Its easy to poke fun at Apple's naysayers in retrospect, but perhaps we shouldn't be so quick to judge.
One of the first iPhone buyers leaves the Apple store on 5th Ave. in New York on June 29, 2007. (Reuters)
In January of 2007, not long after Steve Jobs unveiled Apple's first iPhone at that year's Macworld conference, Microsoft CEO Steve Ballmer sat down for an interview with CNBC in which he was asked about his initial reaction to his competitor's new device.
He guffawed. Really, whole-heartedly guffawed.
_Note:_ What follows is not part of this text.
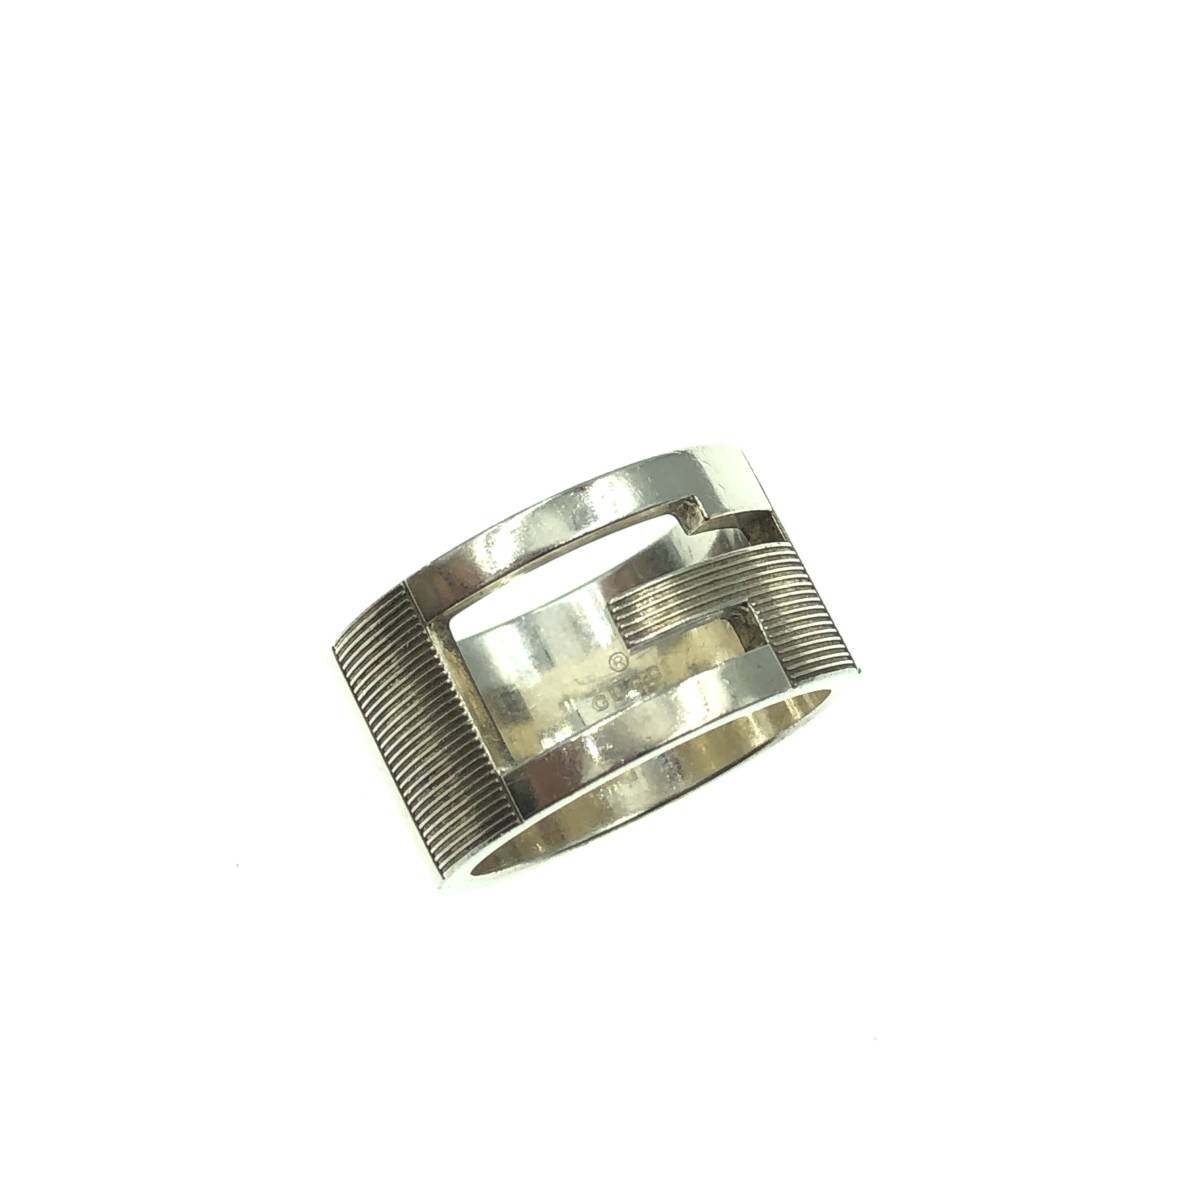 GUCCI カットアウトG リング ワイド 指輪 シルバー 925 #18 メンズ アクセサリー グッチ

"$500 full-subsidized with a plan!" he said, guffawing. "I said that is the most expensive phone in the world and it doesn't appeal to business customers because it doesn't have a keyboard which makes it not a very good email machine."
We all know how this story turned out. Five years ago today, the iPhone went on sale, and proceeded to transform our relationship with personal technology. Ballmer's unfortunate laugh, meanwhile, would become a symbol for all the short-sighted criticisms of Apple's game-changing gadget.
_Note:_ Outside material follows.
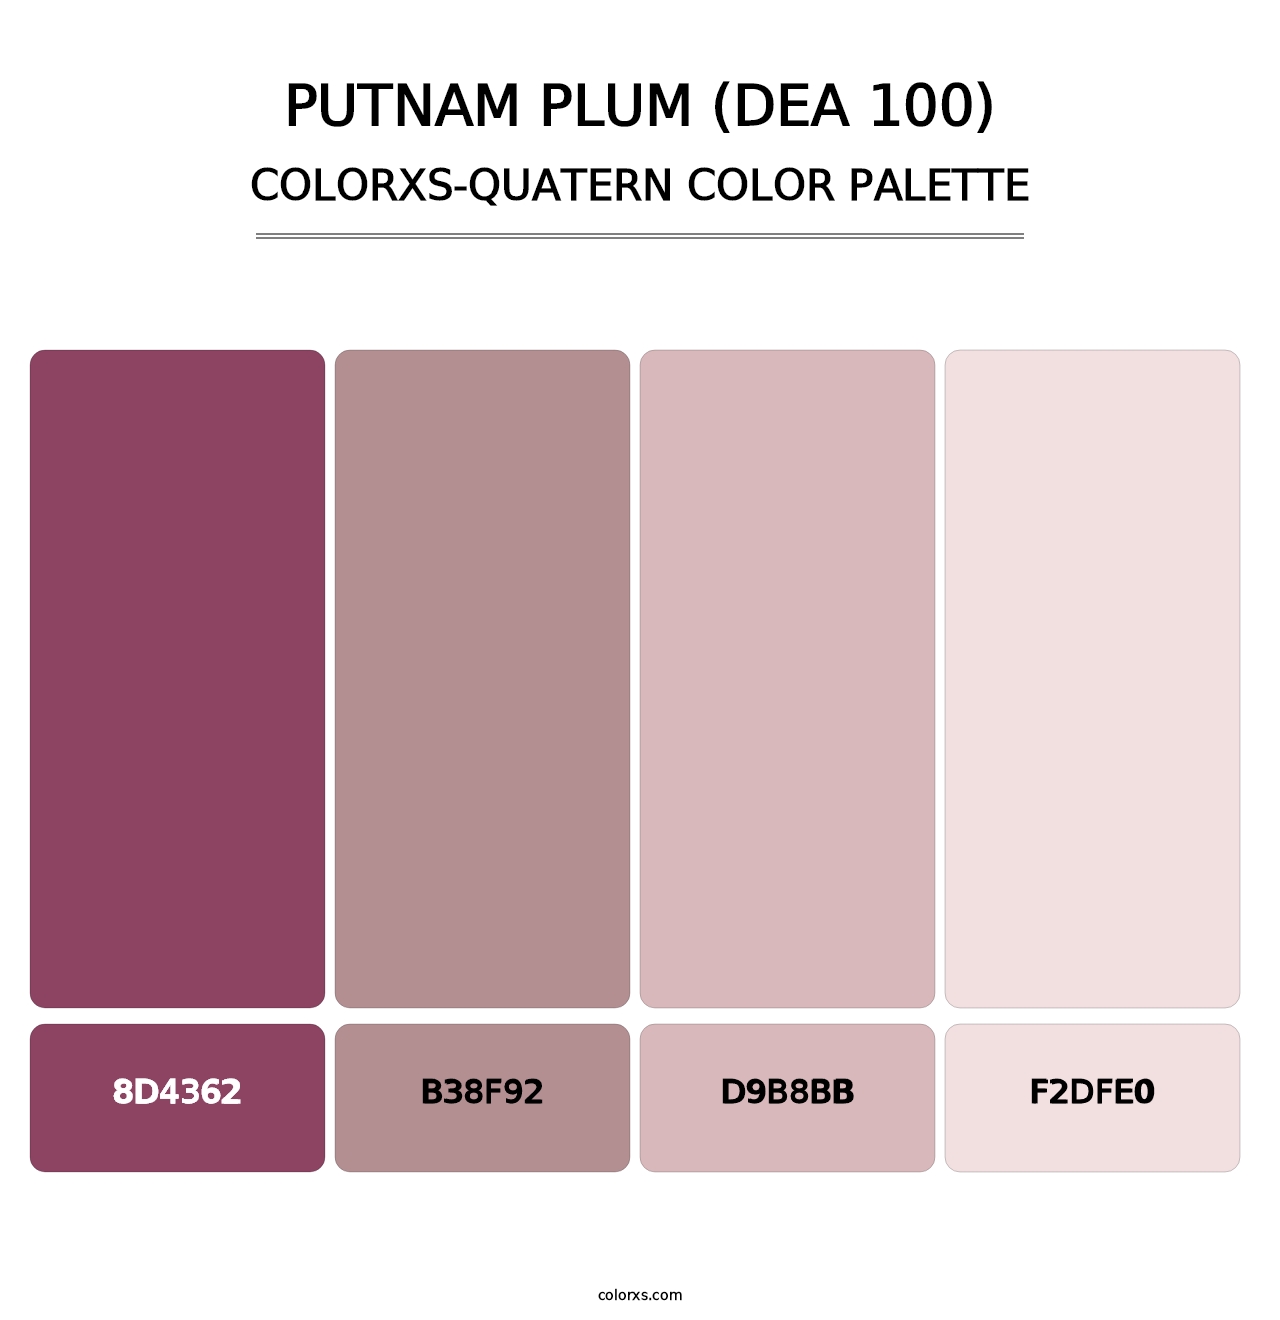 Putnam Plum (DEA 100) - Colorxs Quatern Palette

Yet, while its easy to poke fun at Apple's naysayers in retrospect, perhaps we shouldn't be so quick to judge. Sure, there were plenty of fans who correctly predicted the iPhone's success. And yes, Matthew Lynn's confident declaration in Bloomberg that the "iPhone is nothing more than a luxury bauble that will appeal to a few gadget freaks" was a magnificently wrong piece of business punditry. So was John Dvorak's predication that there was "no likelihood" Apple could succeed in the phone business. But writing off as myopic all those companies that didn't invent the iPhone, as well as all the writers who didn't buy into it, undersells just how audacious Apple's move into mobile really was.